Molto importanti sono anche gli inibitori di serotonina. Sono diversi gli studi che hanno sostenuto il ruolo terapeutico degli inibitori.

Gli inibitori, infatti, sono molto importanti perchè possono influire sulla riduzione dell’ansia da prestazione,portano la soglia di disfunzione ad un livello molto più basso consentendo gradualmente erezioni migliori con un conseguente aumento dello stato di eccitazione.

L’eccitazione infatti è ovviamente necessaria per arrivare alla fase di eiaculazione.

Inoltre si ha una diminuzione del tempo che intercorre tra un’erezione ed un’altra. Le possibiltà di ottenere una seconda e soddisfacente erezione sono maggiori.

Farmaci efficaci in questo caso sono la lidocaina-prilocaina che a volte vengono combinati con sildenafil.

Il sildenafil può efficacemente essere combinato con paroxetina, sertralina e se la terapia farmacologica è accompagnata da una consulenza psicologica e comportamentale,si possono ottenere cambiamenti e miglioramenti davvero significiativi.

Ci sono anche dati sulla limitata efficacia di altri farmaci come,il tadalafil e vardenafil.

Altri ancora,come i farmaci adrenergici possono essere usati con lo scopo di diminuire il tono simpatico del tratto seminale e quindi ritardare l’eiaculazione.

Il tramandolo è un altro analgesico ad azione centrale che unisce l’attivazione dei recettori oppioidi con la ricaptazione della serotonina e noradrenalina.

Farmaci adrenergici antagonisti come, terazosina, alfuzosina e tramadolo possono avere risultati efficaci nell’agire contro l’ieaculazione precoce.

Tuttavia sono necessarie ancora altre ricerche per certificare l’affidabilità di tali farmaci.

Per trattare il disturbo di eiaculazione precoce è necessario avere trattato prima problemi, disfunzioni o infezioni genito -urinarie (ad esempio prostatiti).

Spesso quindi la terapia farmacologia è indispensabile per questo tipo di disturbo ed è ancora più efficace se accostata alla terapia comportamentale

I tempi di una terapia comportamentale possono essere lunghi,dipende sempre dalla relazione col paziente,ad ogni modo le cose possono essere difficili perchè richiedono spesso il supporto del partner del paziente.

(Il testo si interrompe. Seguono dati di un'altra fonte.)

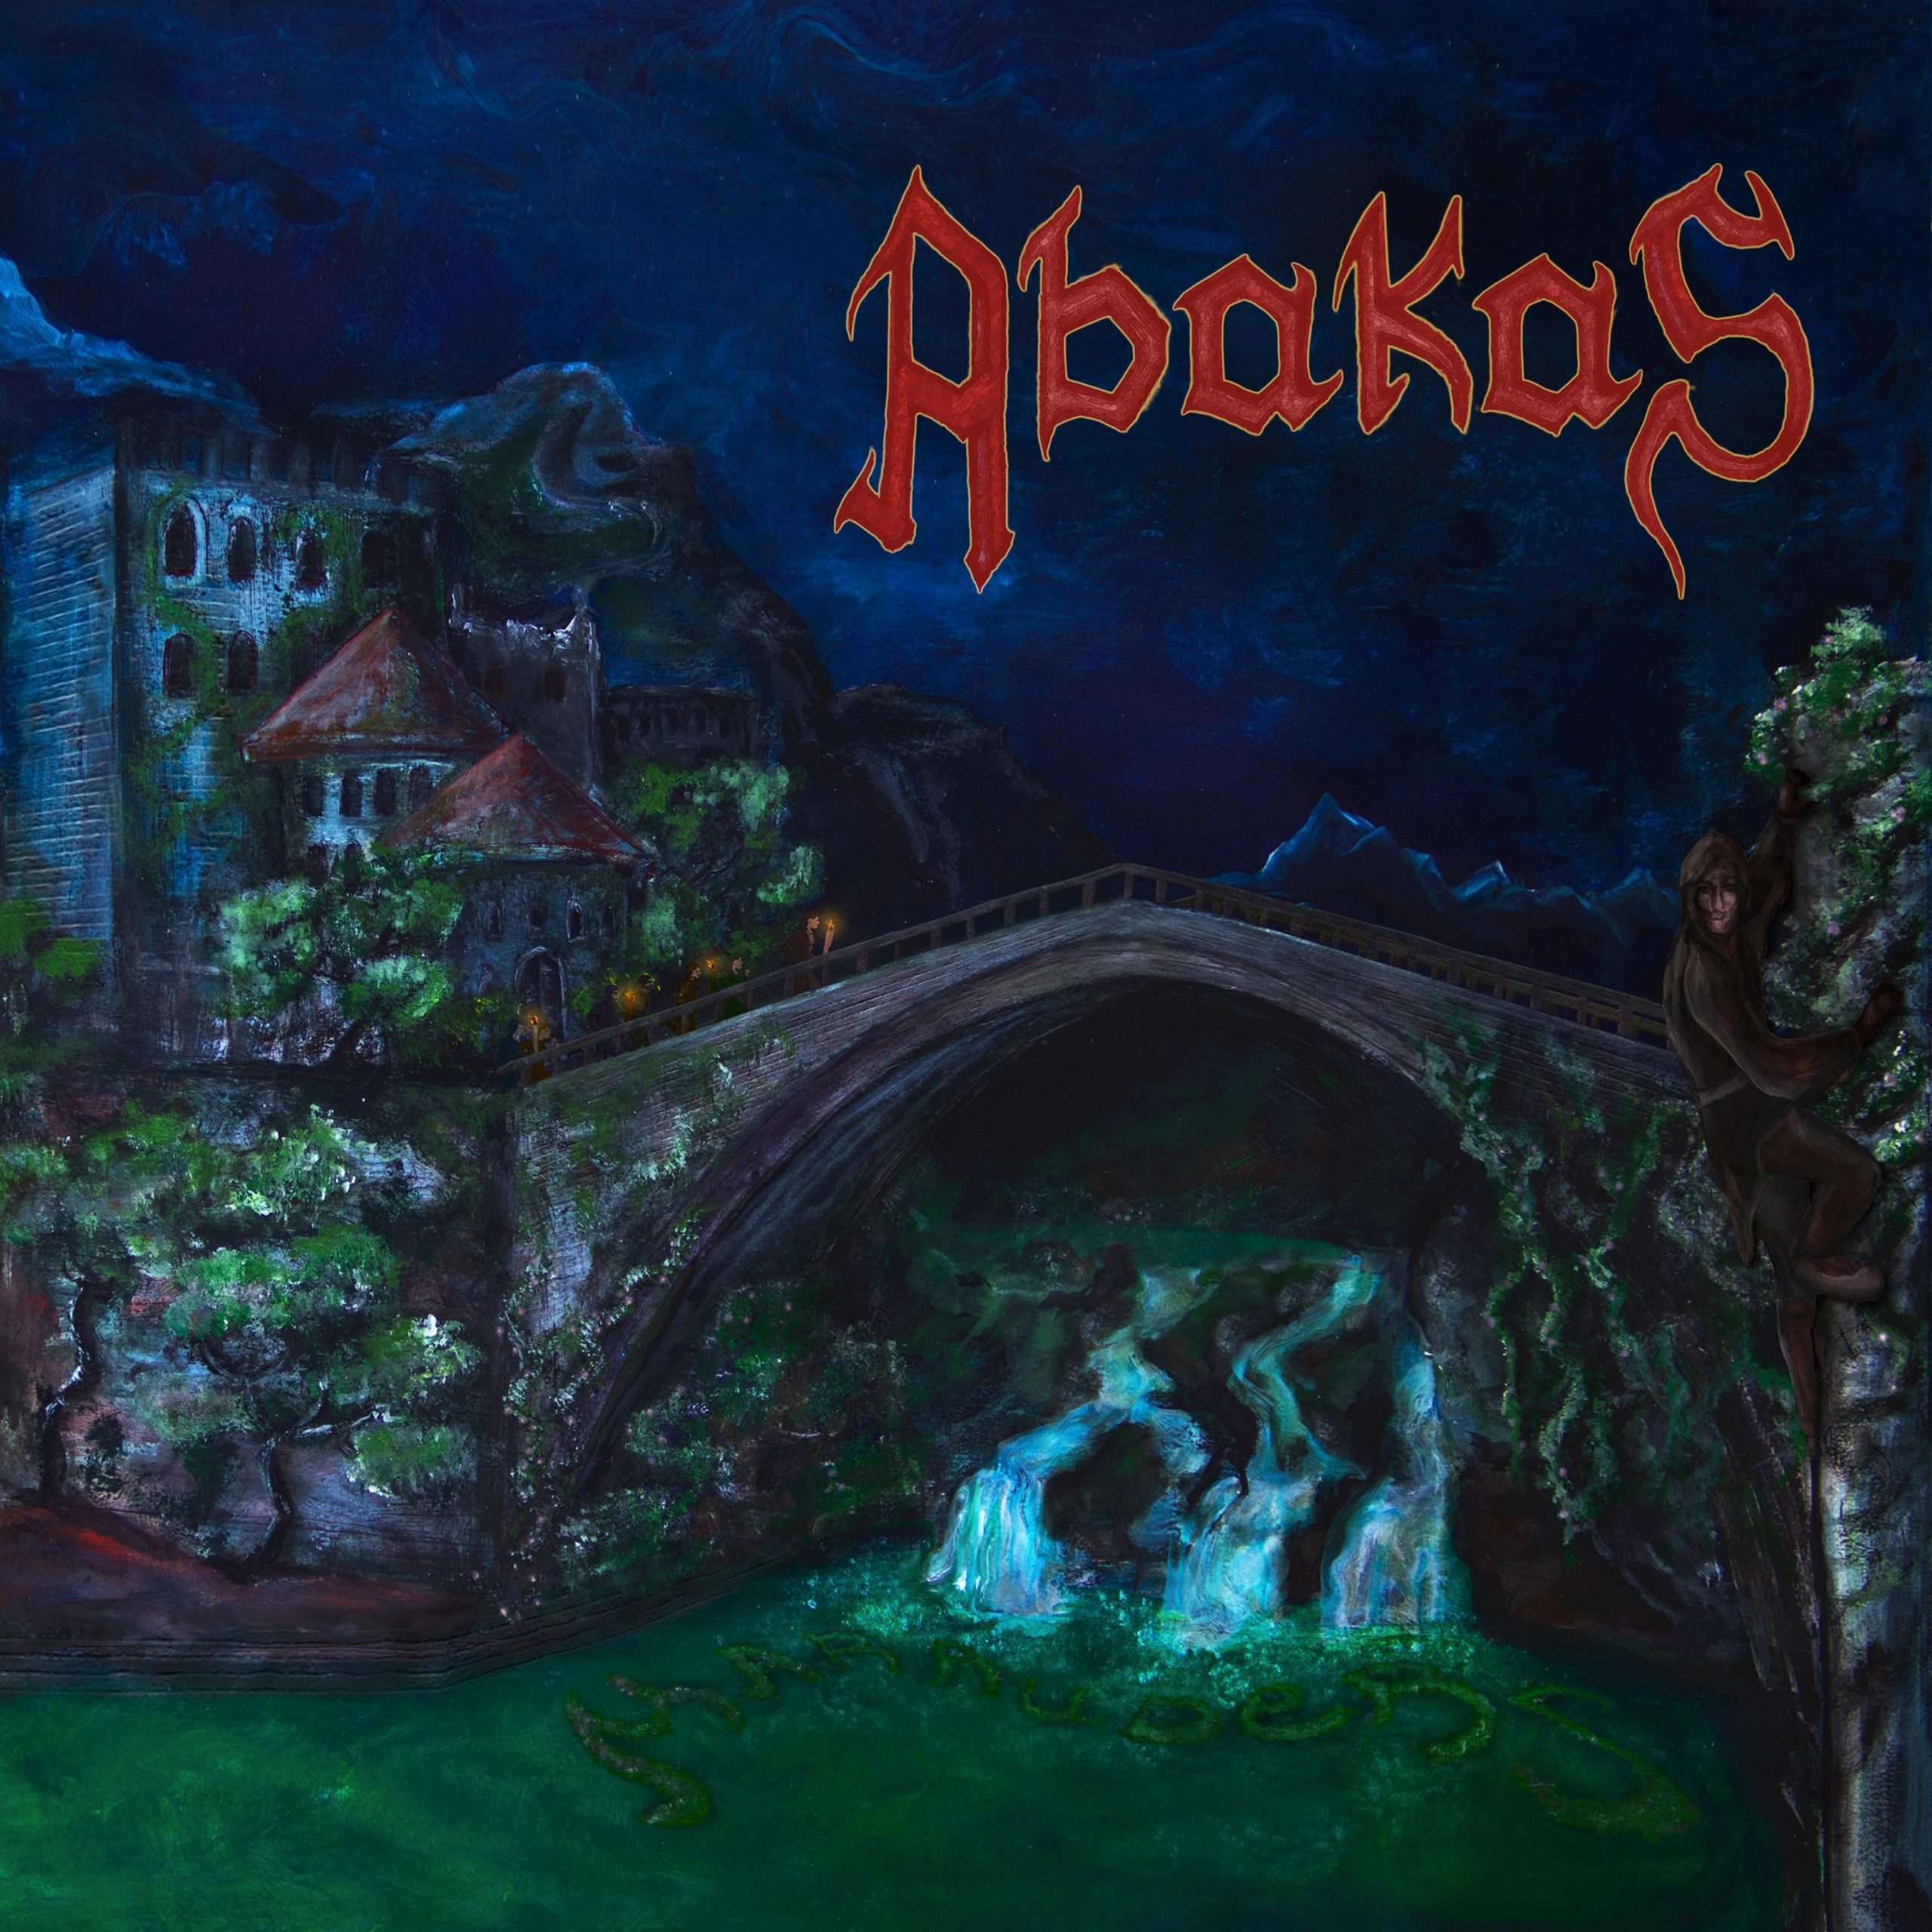 Abakas // Marauder - EP cover

Per quanto riguarda la disfunzione erettile l’approccio terapeutico è stato rivoluzionato dalla disponibilità a livello mondiale di tre nuovi farmaci. Sildenafil, tadalafil e verdenafil. Questi farmaci hanno alti tassi di efficacia e di sicurezza, anche con pazienti con diabete mellito. E’ importante che i pazienti possano provare tutti e tre i farmaci in modo poi da stabilire quale secondo loro è quello con la massima efficacia, considerando diversi fattori come, tempo di insorgenza,durata di azione, effetti collaterali che possano riguardarli individualmente. Le opzioni per i pazienti che non rispondo al trattamento del farmaco per via orale, o per i quali i farmaci sono controindicati,comprendono iniezioni endovenose,alprostadil intrauretrale, dispositivi di costrizione a vuoto oppure impianto di una protesi peniena.

E’ molto importante che il medico avverta il paziente che il rapporto sessuale consiste in un’attività fisica vigorosa,che aumenta la frequenza cardiaca e il pompaggio cardiaco. I medici devono sempre valutare l’idoneità cardiaca dei pazienti prima di procedere con il trattamento.

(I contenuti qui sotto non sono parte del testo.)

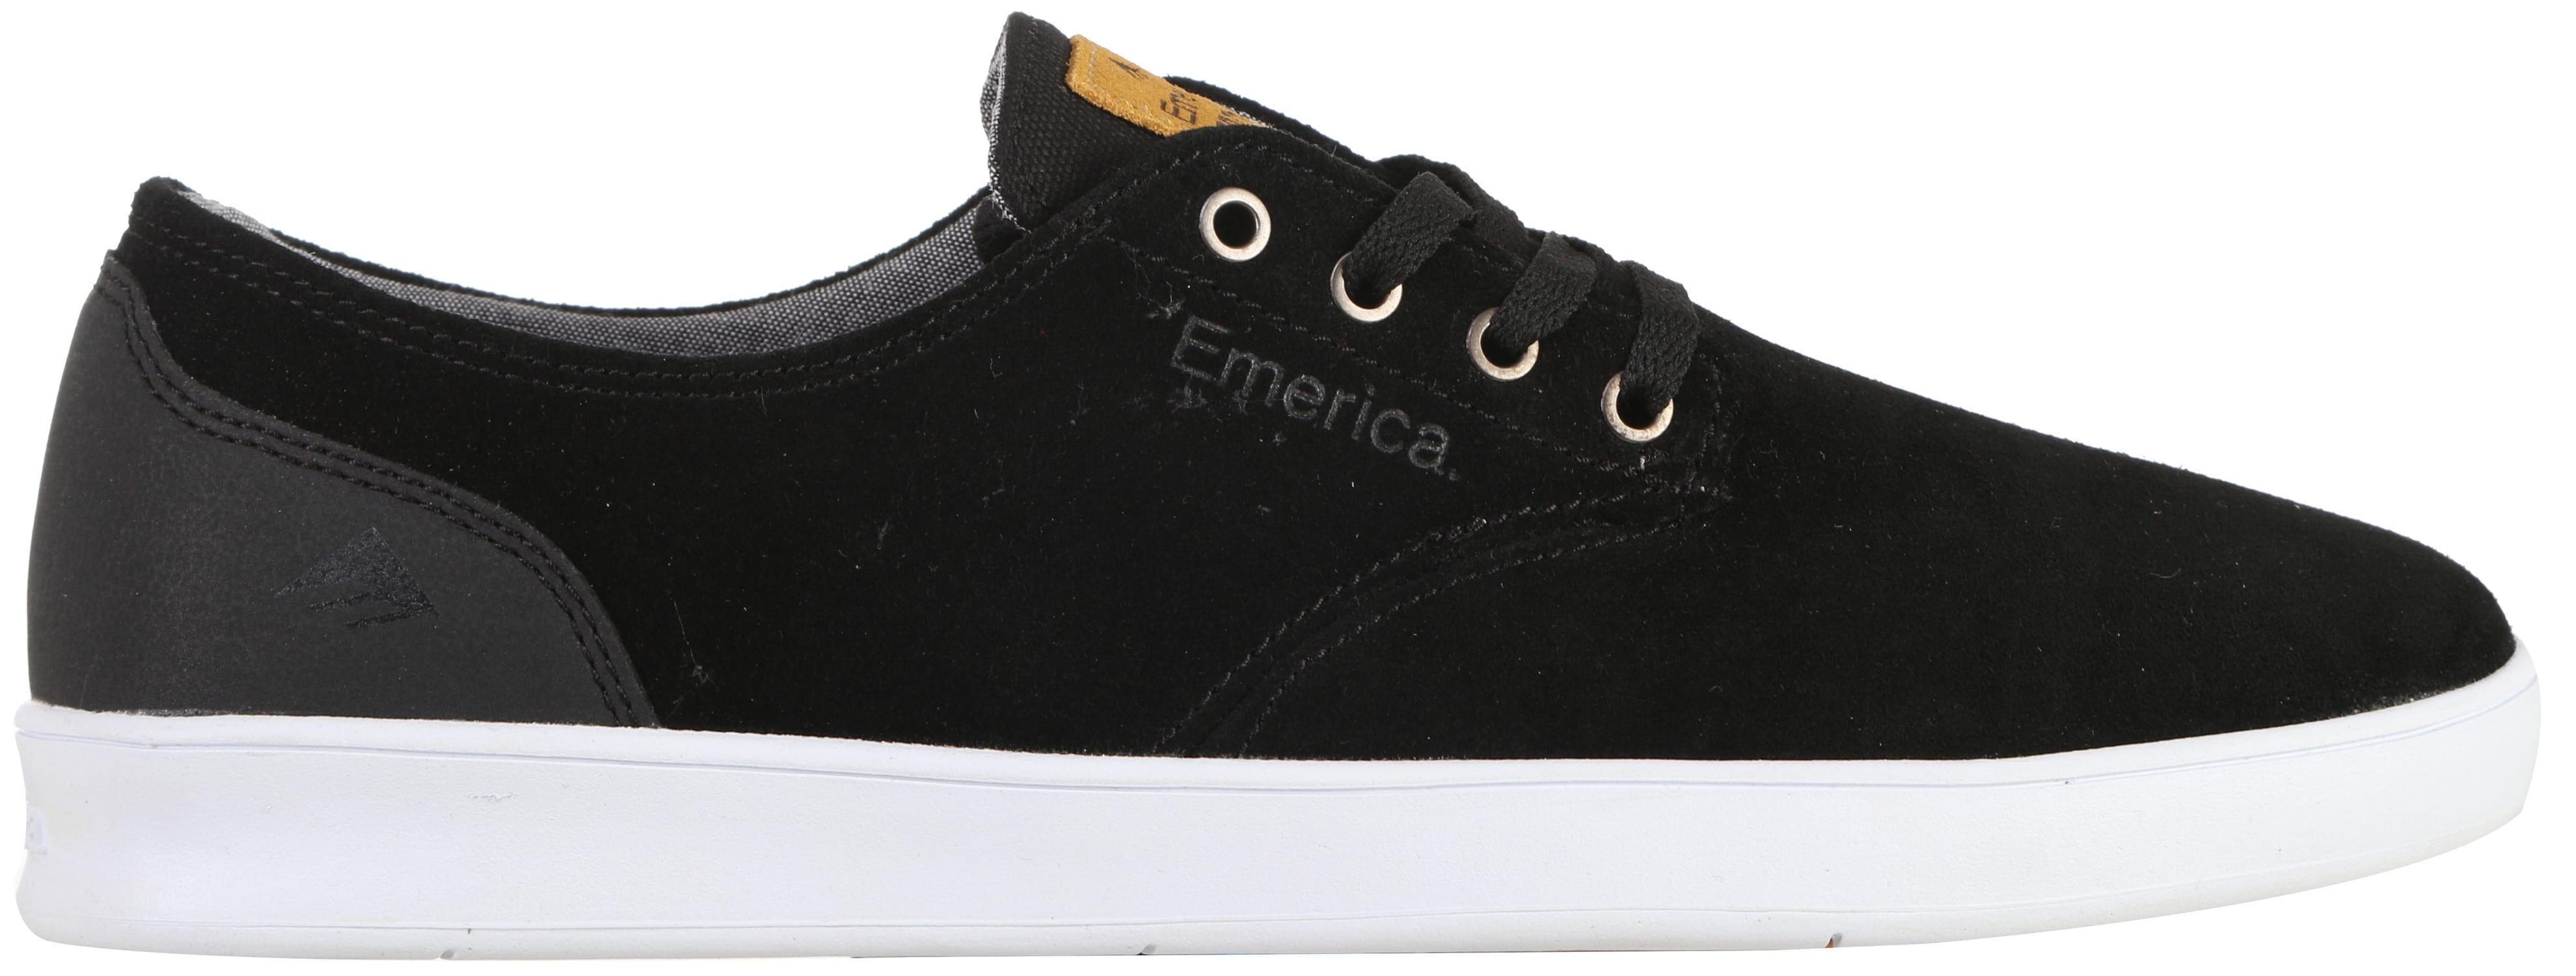 Emerica Shoes Romero Laced Price

Qualsiasi trattamento farmacologico efficace per insufficienza erettile richiede un grado di integrità dei meccanismi di erezione del pene. Ulteriori studi tuttavia sono ancora in corso. La terapia farmacologica ideale per il problema di disfunzione erettile intende soddisfare le seguenti caratteristiche: Buona efficacia, facile amministrazione,  tossicità ed  effetti collaterali, durata d’azione.

L’eiaculazione precoce come disfunzione sessuale maschile è anche molto comune, con tassi di prevalenza del 20% o 30%.

Sono quattro le principali definizioni di eiaculazione precoce attualmente utilizzate e come già detto la classificazione più  accettata di eiaculazione precoce comprende.

“Permanente” (primaria) e forme (secondarie) “acquisite” (sindrome).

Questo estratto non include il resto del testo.